* **Work task**
Give back exactly the stretch of data below from the line holding "A very fine" through the line holding "The Jug is of", both ends included, and leave the remaining lines out.

═════ Record excerpts ═════

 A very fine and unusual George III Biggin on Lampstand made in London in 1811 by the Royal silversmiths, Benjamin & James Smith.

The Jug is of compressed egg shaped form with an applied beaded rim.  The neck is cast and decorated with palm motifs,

═════
═════ Record excerpts ═════

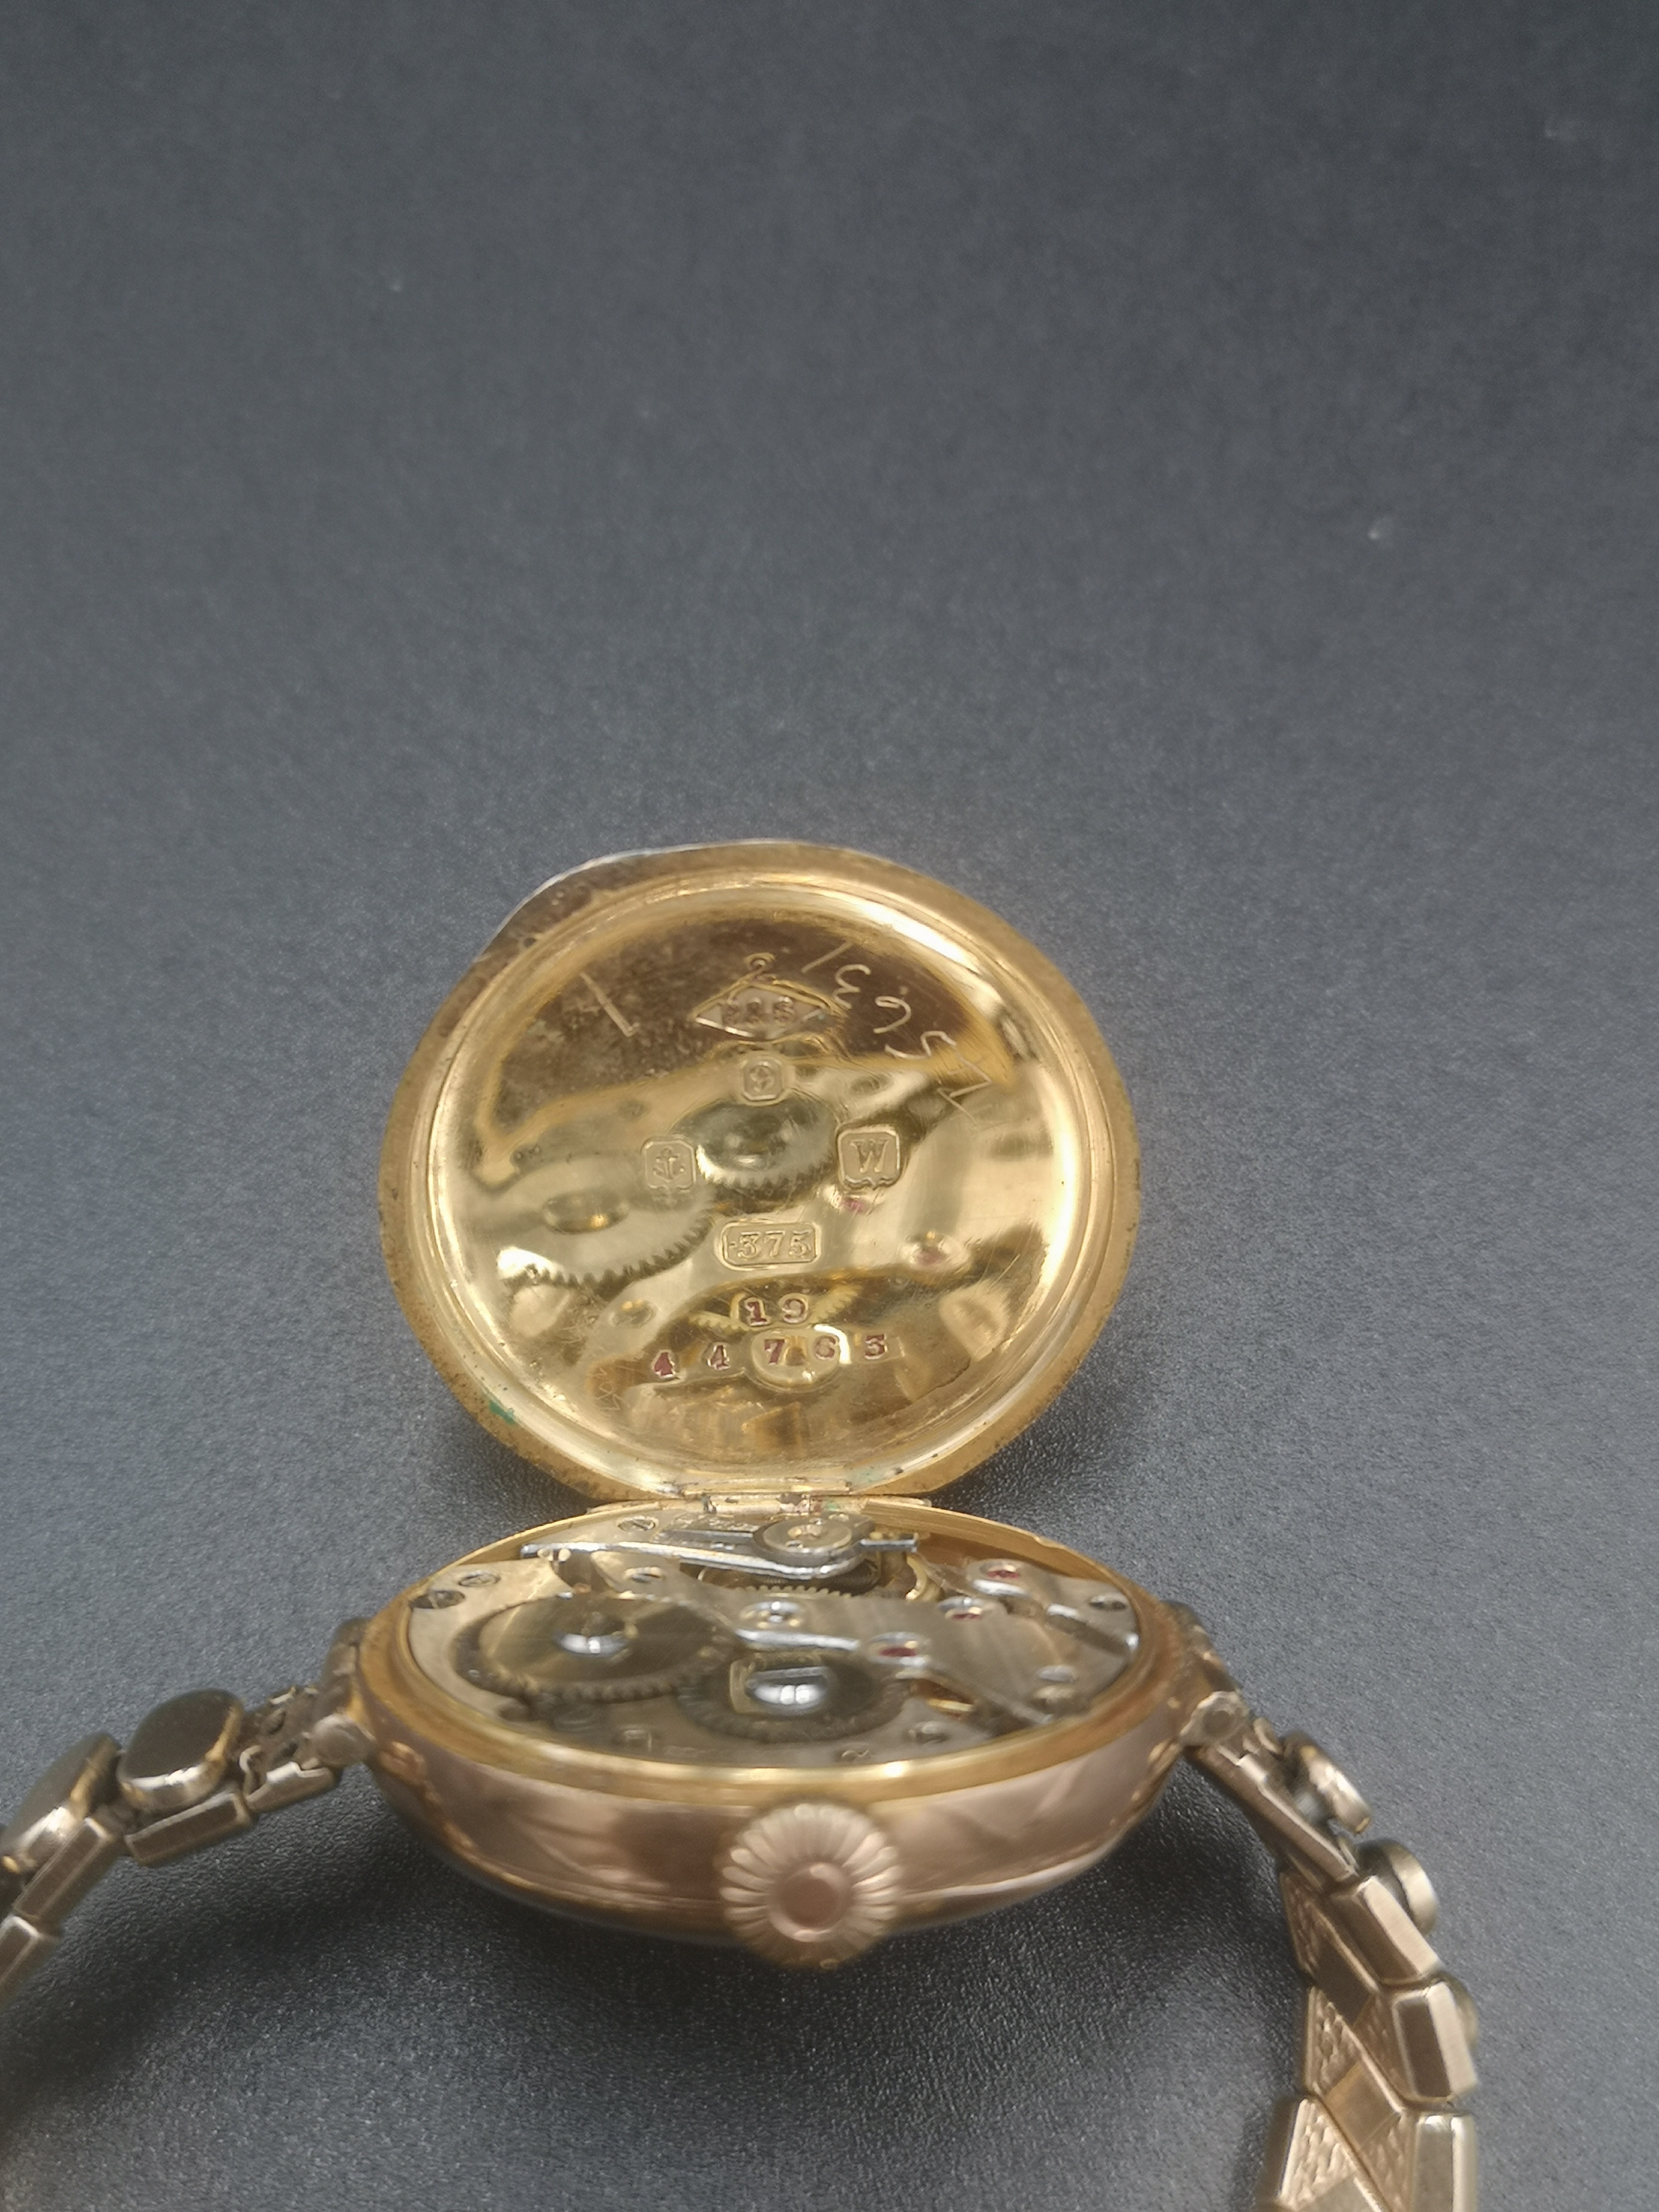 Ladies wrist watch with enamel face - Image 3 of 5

═════

* **Exercise response**
 A very fine and unusual George III Biggin on Lampstand made in London in 1811 by the Royal silversmiths, Benjamin & James Smith.

The Jug is of compressed egg shaped form with an applied beaded rim.  The neck is cast and decorated with palm motifs,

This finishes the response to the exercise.